Em meio à pandemia, milhares de docentes foram demitidos de universidades privadas em São Paulo e relatam precarização e depressão
“A palavra que melhor define meu momento é desespero”, conta Horácio*, professor da Universidade Anhembi Morumbi, em São Paulo, do grupo Laureate, referindo-se à redução de 75% das suas horas de trabalho no atual semestre letivo.
Com mais de oito anos de Anhembi, o professor desabafou em julho num e-mail enviado ao Sindicato dos Professores de São Paulo (Sinpro). “A redução de 24 para seis horas-aula torna o meu sustento inviável, visto que minha única fonte de renda é a Anhembi. É cruel…”.
Enzo*, professor de outra universidade do grupo Laureate, a FMU, passou de 21 horas semanais no último semestre para apenas três horas. Ele diz que a maioria dos professores está nessa situação. “Nós estamos recebendo em média R$ 500 por mês”.
A redução das horas de trabalho é um dos aspectos de um movimento do ensino superior privado que Celso Napolitano, representante do Sinpro, chamou de “imoral, mas legal”. Napolitano argumenta que cortes de hora-aula e demissões estão ocorrendo em outras universidades privadas país afora. Na Universidade Nove de Julho (Uninove), cerca de 500 docentes foram demitidos no primeiro semestre do ano.
Em uma reunião on-line presenciada pela reportagem, professores contaram sobre a indigesta surpresa que foi saber da demissão por uma mensagem de pop-up na tela do computador ao acessar o sistema. “É emocionalmente pesado, depois de tantos anos trabalhando lá”, contou um deles, sob anonimato.
Desde abril, o Sinpro contabilizou mais de 1.600 demissões de professores em universidades de São Paulo, todas em meio à pandemia de coronavírus. Negociando com as universidades a situação trabalhista dos docentes, o diretor do Sinpro confessa estar angustiado com “a precarização do ensino superior privado”, sobretudo com o aumento do uso de educação a distância (EAD). Para Napolitano, a pandemia é uma desculpa para reestruturação e maximização de lucros.

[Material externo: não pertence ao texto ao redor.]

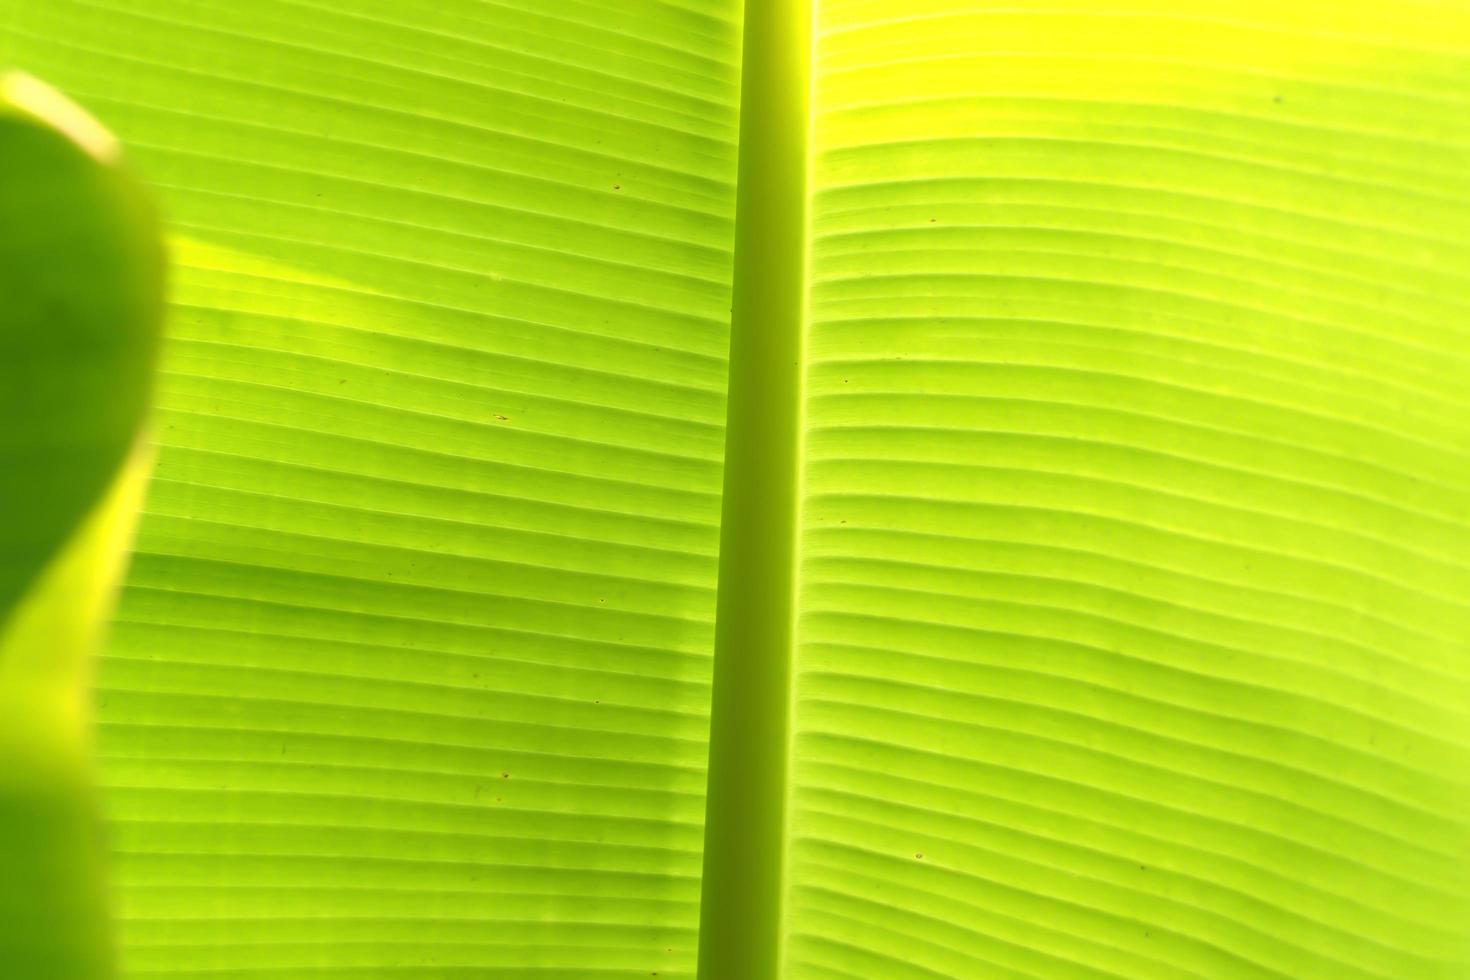 Green tropical leaf close up photo

Como justificativa, as universidades citam a redução de alunos matriculados, o aumento da evasão escolar e a inadimplência durante a pandemia. Para o docente Horácio, não está provado que “houve redução do número de matrículas que justificasse a redução na carga horária dos professores” da Anhembi, por exemplo.
“Se a instituição não comprovar a redução do número de alunos matriculados, ela tem que manter o salário do professor”, diz Napolitano, que avalia que as situações serão tratadas individualmente.

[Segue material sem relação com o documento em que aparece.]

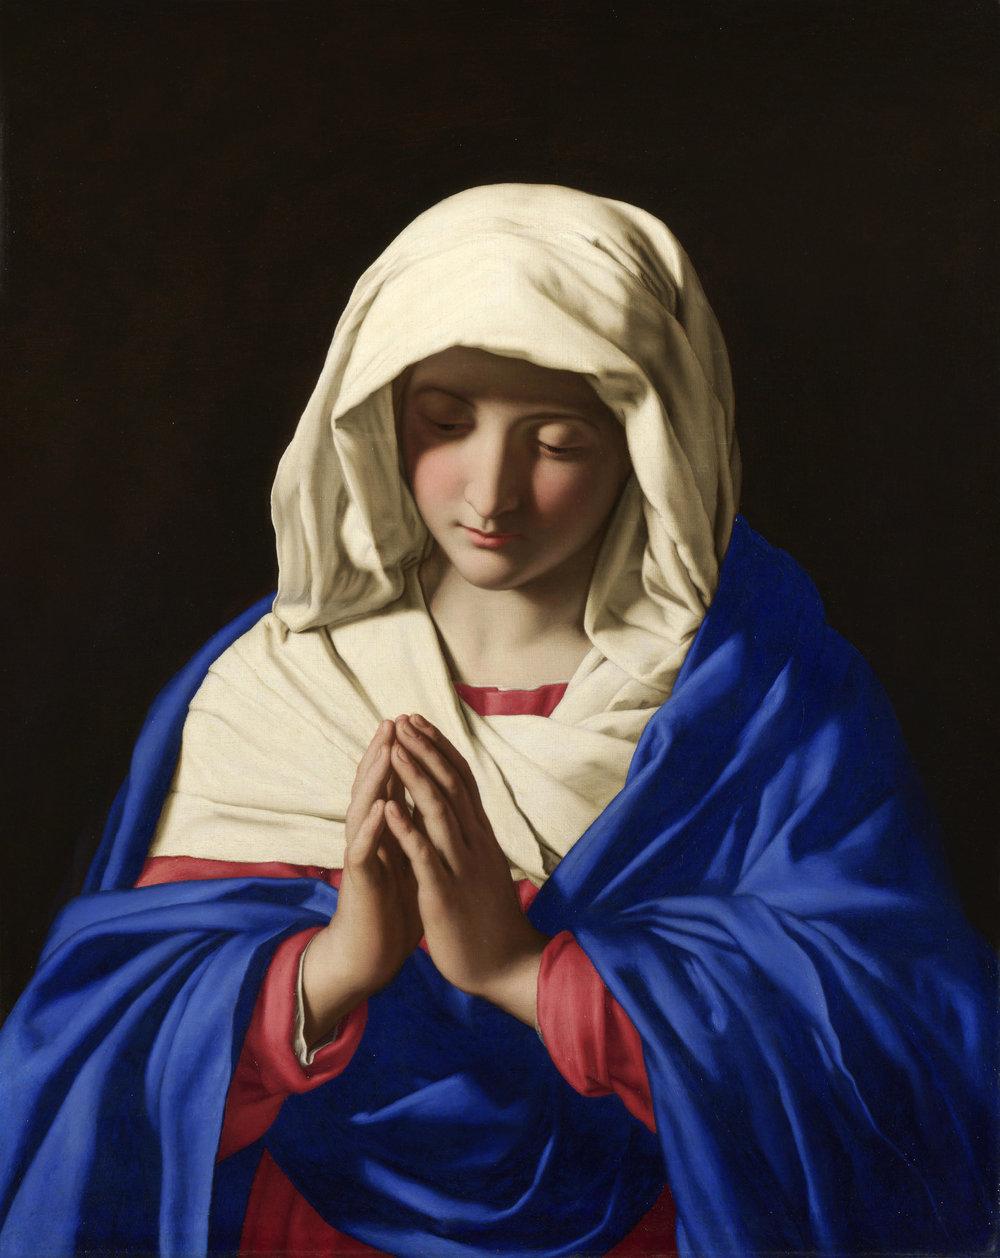 Sassoferrato - The virgin in prayer (1640-1650)

Evaristo*, outro professor da FMU, desde 2012 na instituição, tem mais de quatro anos de remuneração não recebidas por horas extras em atividades de dependência (Dep) e adaptação (Adap). Não bastasse a situação, recebeu em julho e agosto R$ 48 de salário —quando deveria ter recebido perto de R$ 800. Ele conta que fez greve por 12 dias até a situação ser encaminhada para uma resolução da universidade.
O docente acredita que será demitido como retaliação ao final do semestre por ter protestado com coordenadores em grupos de WhatsApp e avisado alunos da disciplina. “Os alunos ficaram três semanas sem minhas aulas e eles colocaram um professor de outra área, que não sabia o que fazer”, afirma.
A Pública já denunciou, no caso da Laureate, que, sem que alunos soubessem, houve uso de robôs no lugar de professores para correções de atividades EAD, fraudes em atas para reconhecimento de cursos e demissões em massa para contratação de profissionais por salários menores, chamados de tutores.
* Os nomes foram alterados a pedido dos entrevistados.